While we teach our children how to use condoms, how to be politically correct, how to feel good about yourself when you fail, and in some schools why homosexuality is an okay lifestyle, reading, writing and arithmetic seem to be considered passé. Mr. Coulson’s data show that our once high position in the world is slipping.
Columnist Walter Williams, himself a university professor, offers the following in support of my allegation that our educational system is quickly falling apart.
Here are some test questions.
Question 1: Which of the following is equal to a quarter of a million? (a) 40,000 (b) 250,000 (c) 2,500,000 (d) 1/4,000,000 or (e) 4/1,000,000? Question 2: Martin Luther King Jr. (insert the correct choice) for the poor of all races. (a) spoke out passionately (b) spoke out passionate (c) did spoke out passionately (d) has spoke out passionately or (e) had spoken out passionate. Question 3: What would you do if your student sprained an ankle? (a) Put a Band-Aid on it (b) Ice it (c) Rinse it with water.

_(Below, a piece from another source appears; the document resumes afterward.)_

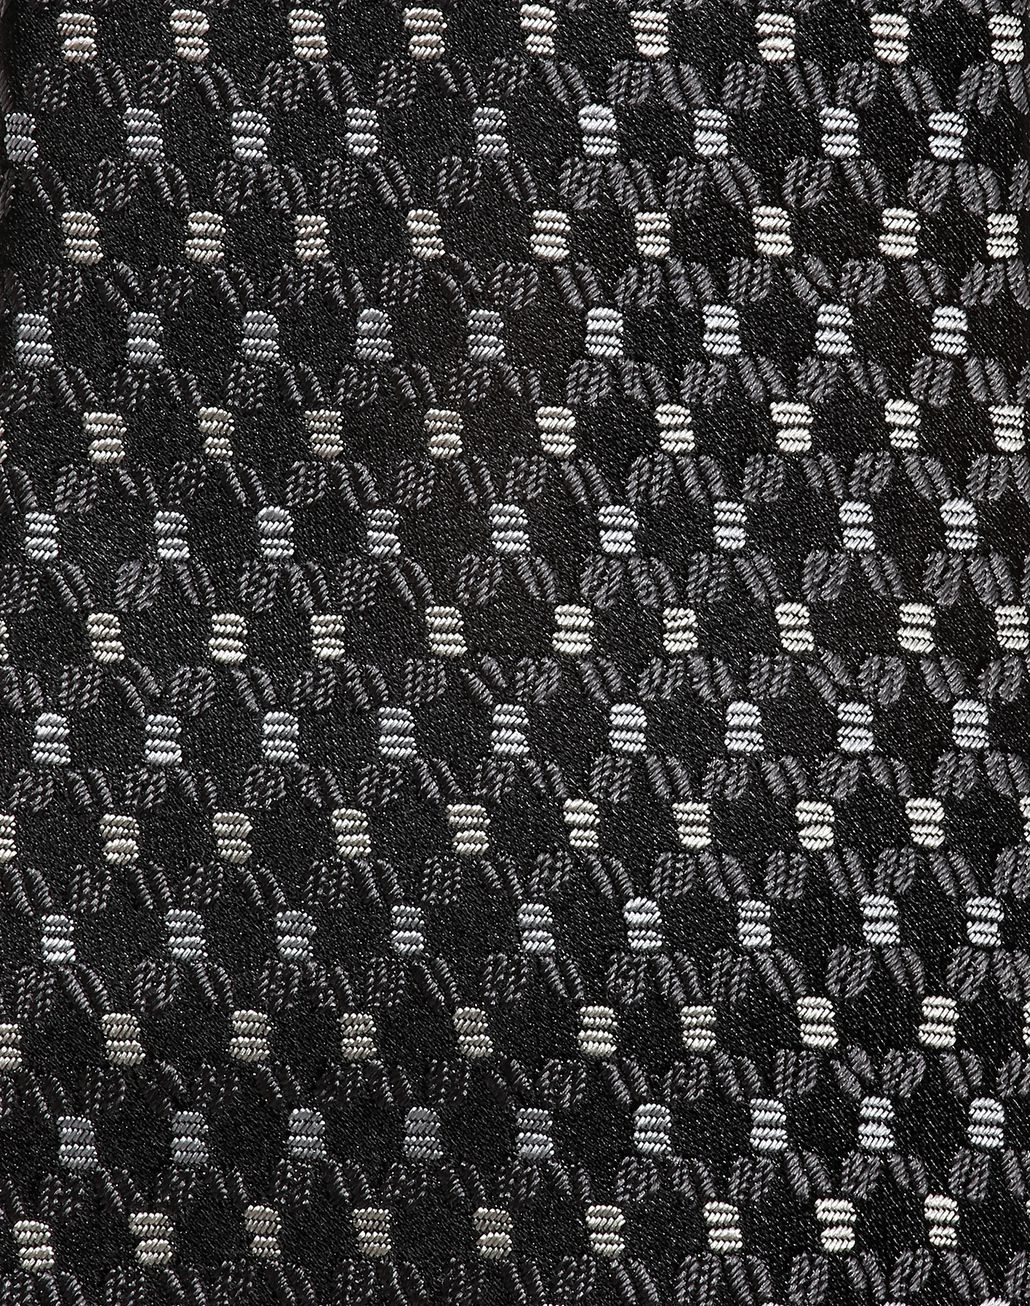 BRIONI Галстук чёрного цвета и цвета фланели с микроузором Галстук Для Мужчин d

Having reviewed the questions, guess which school grade gets these kind of test questions: sixth grade, ninth grade or 12th grade. I'm betting that the average reader guesses: sixth grade. You'd be wrong. How about ninth grade? You'd still be wrong. You say, "OK, Williams, I can't believe they're 12th grade test questions!" Wrong again. According to a School Reform News article "Who Tells Teachers They Can Teach?" those test questions came from tests for prospective teachers. The first two questions are samples from Praxis I test for teachers, and the third is from the 1999 teacher certification test in Illinois. And guess what. Thirty-one percent of New York City public school teachers fail teacher certification tests.
If this trend continues, and the education establishment remains successful in thwarting reform initiatives like school vouchers, competition, tuition tax credits, and accepting poor candidates as teachers and setting low expectations for students, the United States will be in real trouble.